**About this exercise**:
Look through the data below. Pick out the lines holding the string "helmet".

**Listed records**:
-- -- --

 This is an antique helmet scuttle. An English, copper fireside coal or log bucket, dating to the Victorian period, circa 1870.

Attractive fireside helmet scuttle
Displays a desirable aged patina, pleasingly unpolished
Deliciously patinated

-- -- --

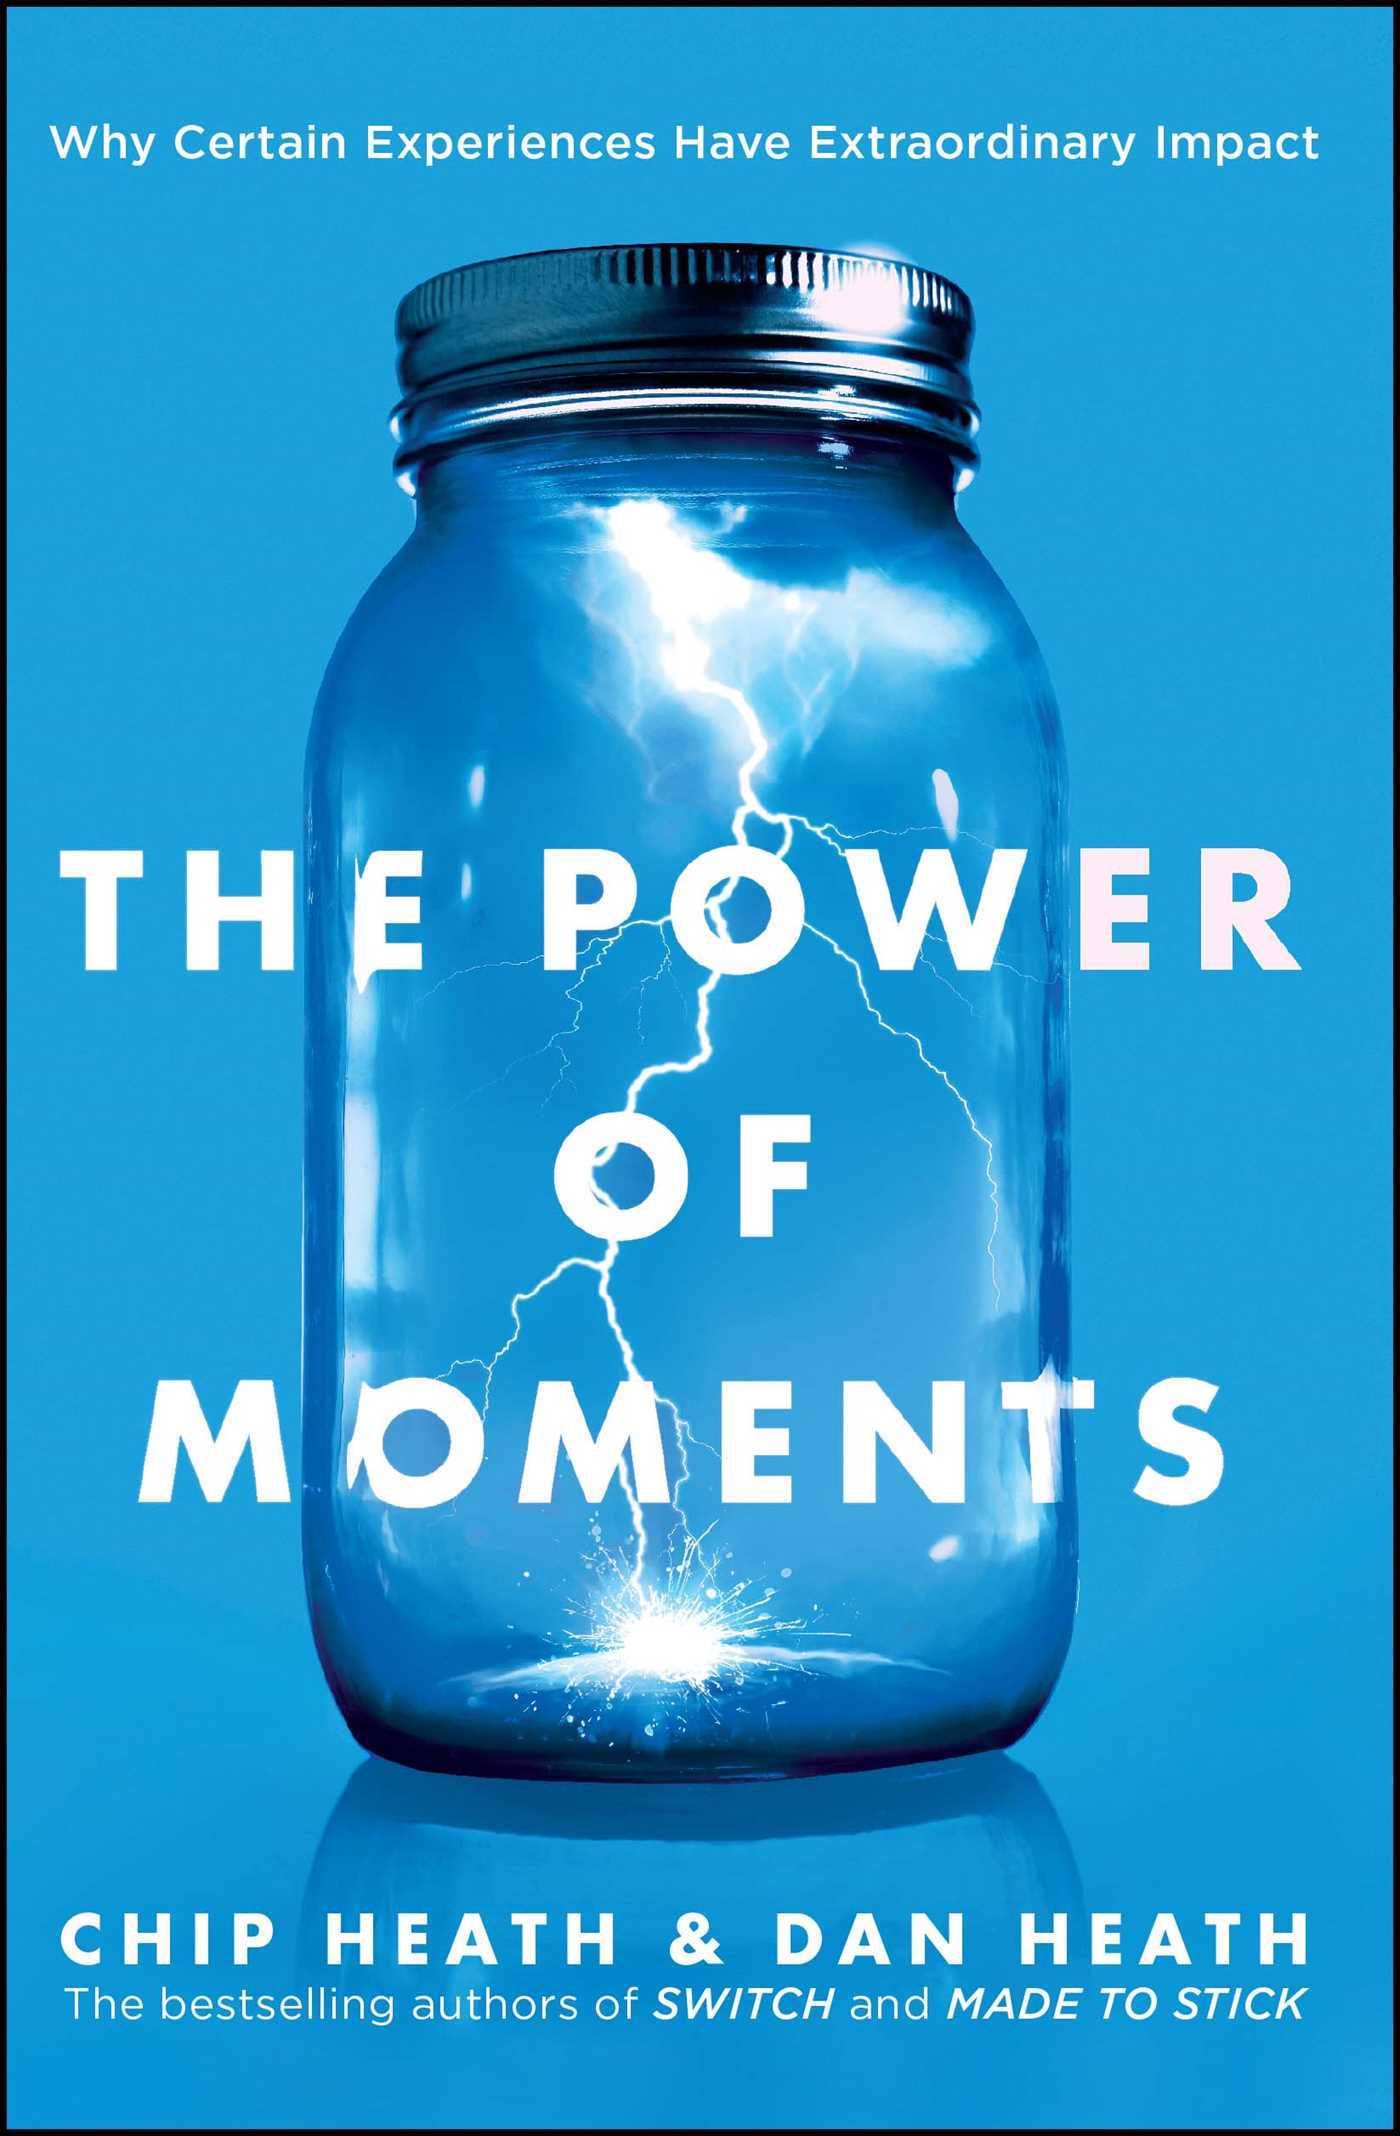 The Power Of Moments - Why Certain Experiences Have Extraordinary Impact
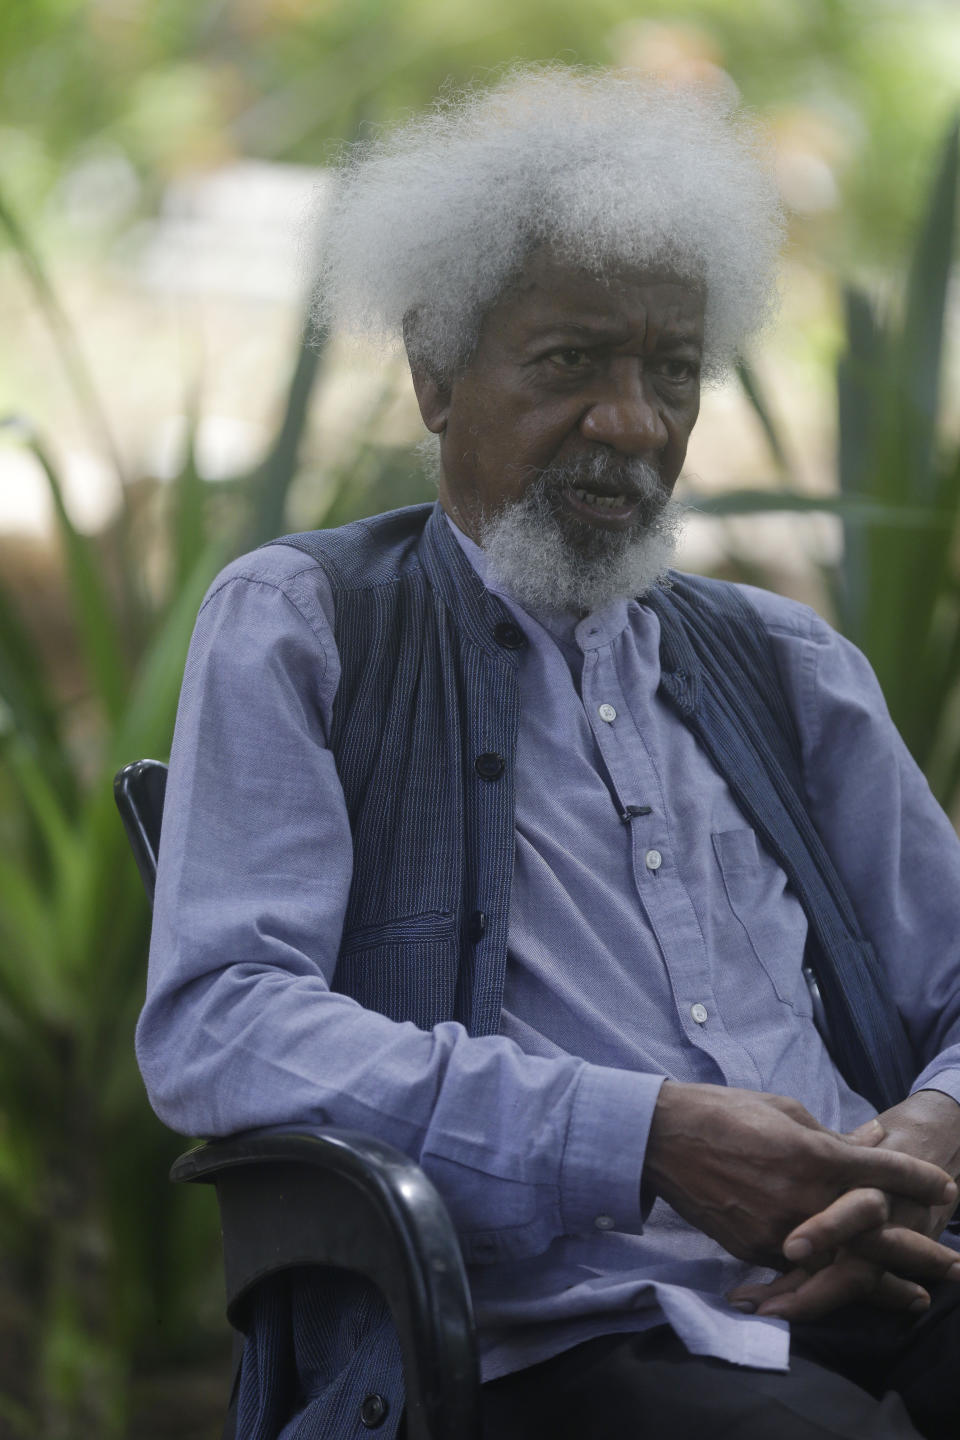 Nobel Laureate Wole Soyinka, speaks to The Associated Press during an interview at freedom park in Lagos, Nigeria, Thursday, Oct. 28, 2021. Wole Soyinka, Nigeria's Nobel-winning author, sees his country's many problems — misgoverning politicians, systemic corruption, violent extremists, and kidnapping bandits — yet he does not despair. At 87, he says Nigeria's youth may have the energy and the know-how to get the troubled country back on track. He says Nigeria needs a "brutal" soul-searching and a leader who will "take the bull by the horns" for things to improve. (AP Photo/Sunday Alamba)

-- -- --

**Result of the task**:
 This is an antique helmet scuttle. An English, copper fireside coal or log bucket, dating to the Victorian period, circa 1870.
Attractive fireside helmet scuttle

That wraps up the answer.